# SD Card Recognized But Unable to Format



## Ozone (Dec 17, 2005)

My SD card is being a real problem. I have a large amount of pictures on the card that I would love to get off of it without having to take it to a computer store. The SD card is a 32GB Lexar SDHC.

I can plug it into my computer, it shows up in My Computer but is slow.When I say slow I mean takes 5 minutes when I right click it. The card says there is 0 bits of info while recovery programs say there is 512kb of space.

*Here's my problem. I cannot format it.*

I have tried using:

The formatter on windows
To format through cmd
Attempted to use [email protected] killdisk but card wasn't showing up.
SanDisk Formatter
A couple other formatters

When I try to format it, the programs say it cannot be done. The drive appears but generally freezes any program I use.

*Problem 2. I cant recover(obviously)*

I have tried literally every file recovery program but willing to take suggestions for new ones.

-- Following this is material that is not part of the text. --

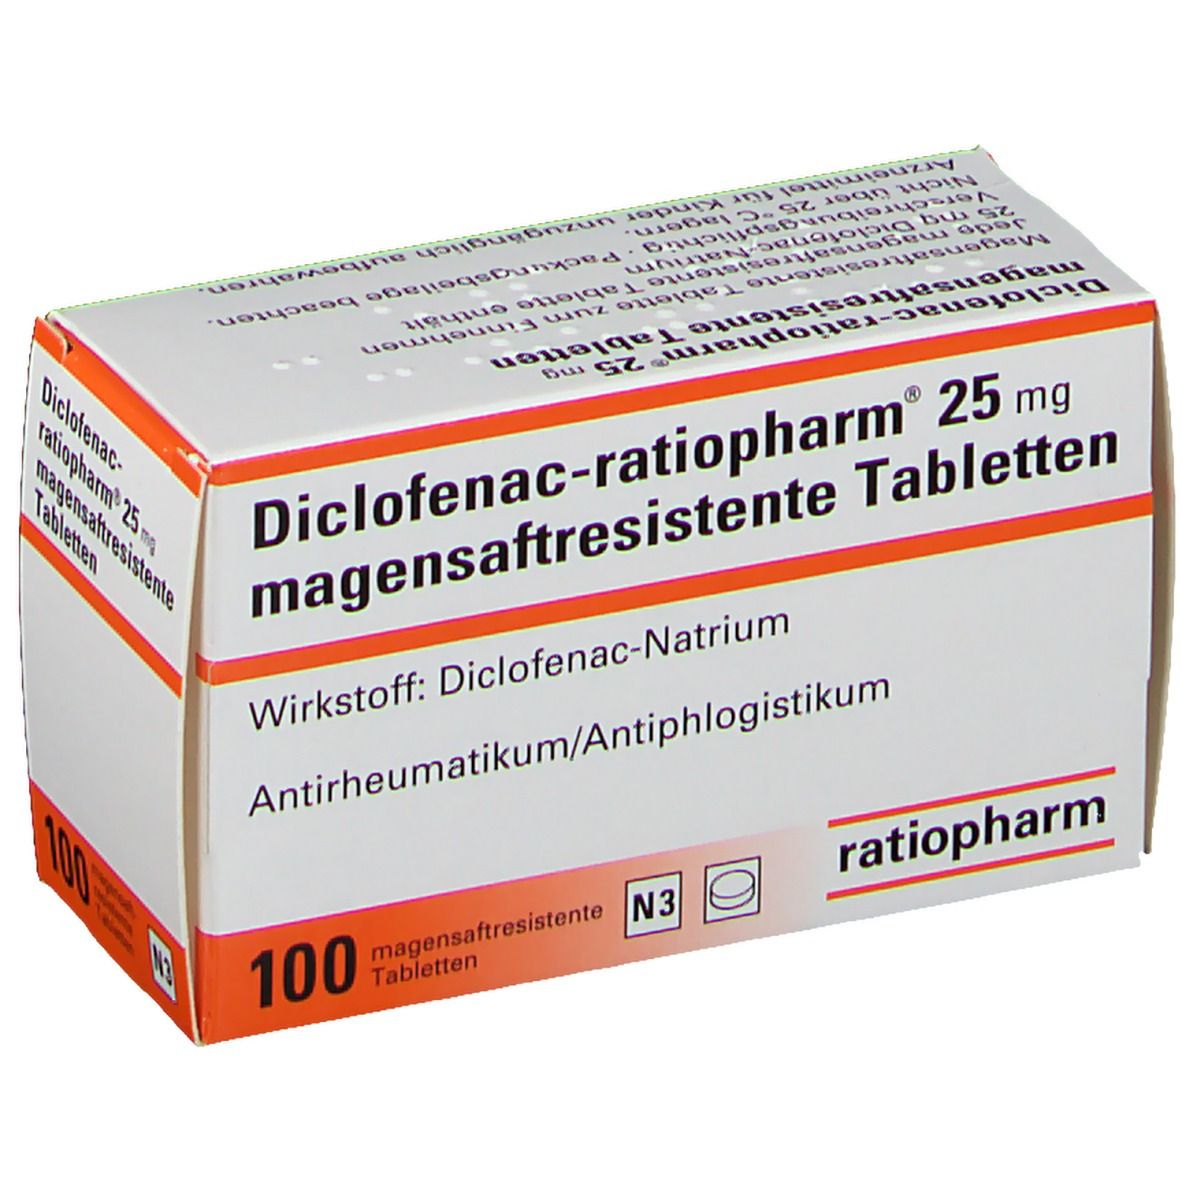 Diclofenac-ratiopharm® 25 mg

I have tried to name a few:

File Scavenger
F-Recovery
and a few other programs I have on my other computer.

I know for a fact it is not my SD card reader as I have tried it on other computers.

Any help to format then recover the SD card is appreciated. I am a very stubborn person and will fight this SD card to the death. I generally wont stop till I get it working so any ideas are welcome.


----------



## pip22 (Aug 22, 2004)

How old is the card reader?
Some card readers (mainly but not limited to older ones) cannot read or write to SDHC (high-capacity) cards - they can only handle standard SD cards.


----------



## Ozone (Dec 17, 2005)

Brand new practically. It has worked on the card reader before as well as it doesnt work inside my camera or on my other laptop. Thanks for the help though.


----------



## JimE (Apr 16, 2009)

If it's not working on multiple devices, the card is faulty.


----------



## Ozone (Dec 17, 2005)

It connects to the computer, and its just slow. But it has no access to computers. Im determined to get it working, any help IS appreciated.


----------



## michaellima (Feb 24, 2011)

*Re: SD Card recovery*

This may be because your card reader may not be working, use the adapter and connect it to a Mac book and the best thing to protect your data is take an image of the SD card and recover all the photos and data from it. Then try formatting the card and then try using it with the card reader.


----------



## Ozone (Dec 17, 2005)

Its not the card reader. Ive tried it on 2 different computers both of which had the same problems. I also cannot format the card, as windows wont let me.


----------



## michaellima (Feb 24, 2011)

try it on Mac machine and use the Photo recovery software for recovering the photos from your card. then try formatting it with the software, it may work try out


----------